Personnellement, je pense que le discours qui prend pour références l’autonomie, l’indépendantisme, le séparatisme, le régionalisme… est un discours mené par la nation dominante et colonisatrice.
En réalité il n’y a que deux états possibles : celui du pays libre ou celui du pays colonisé. Joël Cornette dans sa nouvelle approche de l’histoire de Bretagne ( après un certain nombre de ses confrères qui avant lui sont arrivés à des conclusions similaires) apporte la preuve de l’état de colonisation de la Bretagne en ce qu’elle à été annexée militairement; les choses sont claires aujourd’hui!
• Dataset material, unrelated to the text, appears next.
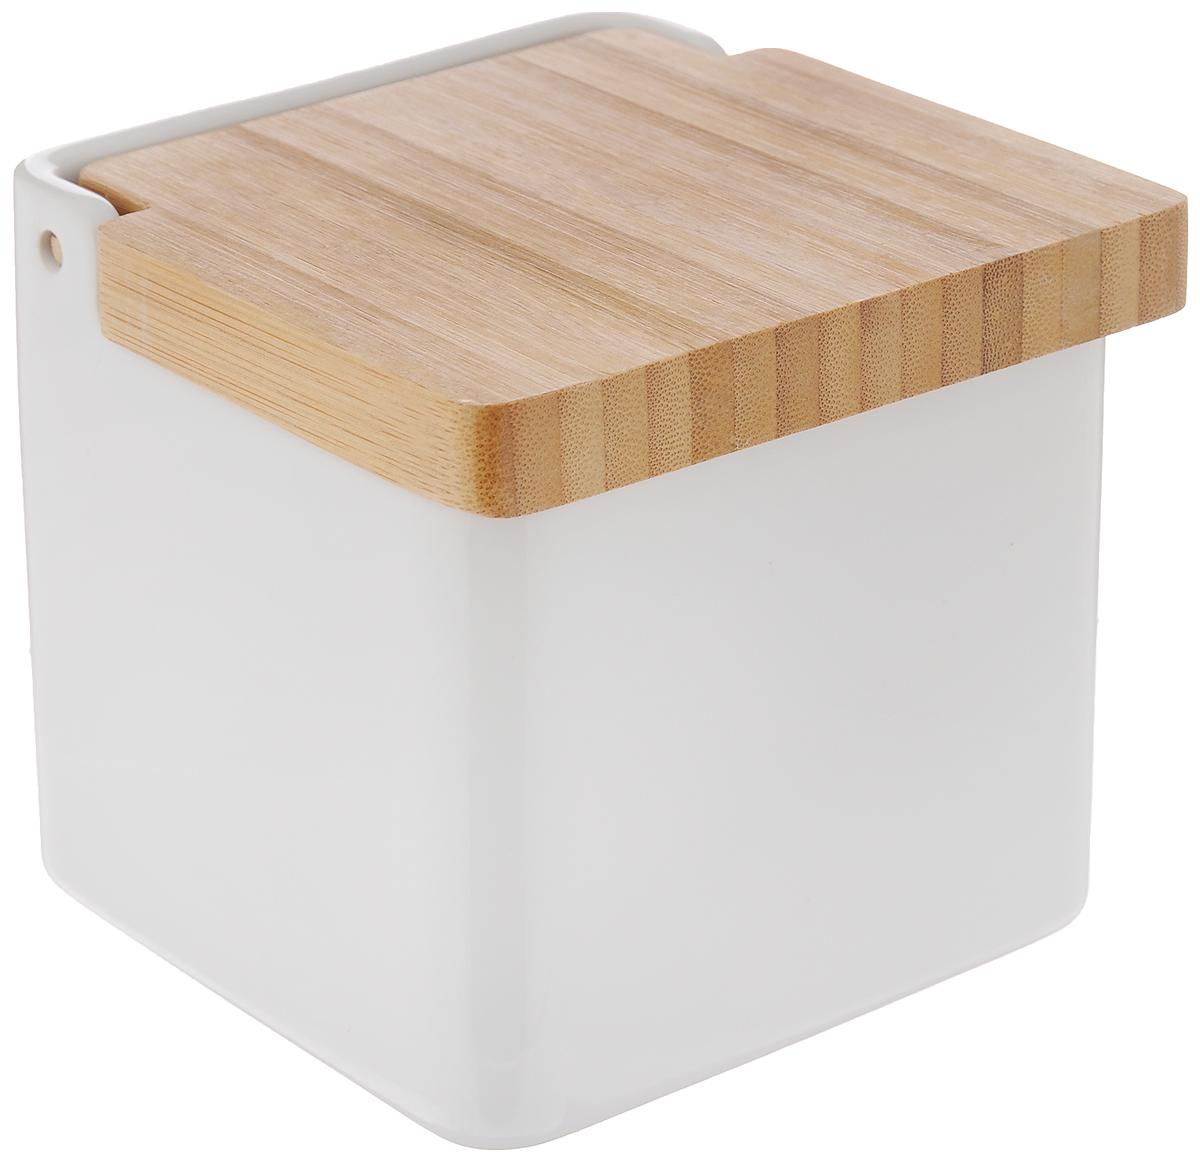 Емкость для сыпучих продуктов Tescoma Online, 750 мл900884Емкость для сыпучих продуктов Tescoma Online изготовлена из высококачественной керамики. Крышка выполнена из прочной древесины бамбука. Продукты дольше остаются свежими и ароматными. Банка подходит для хранения круп, муки, чая, соли, панировочных сухарей и многого другого. Исключительный внешний вид изделия позволяет идеально вписать его в любой интерьер. Нельзя мыть в посудомоечной машине.

L’avantage de cet auteur c’est qu’il est reconnu tant sur le plan professionnel et universitaire qu’au niveau des maisons d’édition…Sa parole peut faire référence plus facilement que la parole de ses confrères même si ces derniers seront probablement reconnus quand l’état de Bretagne colonie sera connue.
Nous avons donc un peuple breton colonisé qui ne le sait probablement pas pour la grande majorité. Faire la promotion de cet état de colonisation est donc naturelle. Cependant, un peuple ne reflète pas de couleur politique; il est multiple dans sa pensée. Peut-être que cet état de peuple colonisé doit être enseigné en toute neutralité politique. C’est une question d’efficacité.
D’autre part, j’utilise le terme d’enseignement pour expliquer le terme de colonie car bon nombre de Breton se croit libre; ils ne le sont que si ils se déclarent Français; dans le cas contraire, ils n’ont aucun droit… Cela mérite enseignement!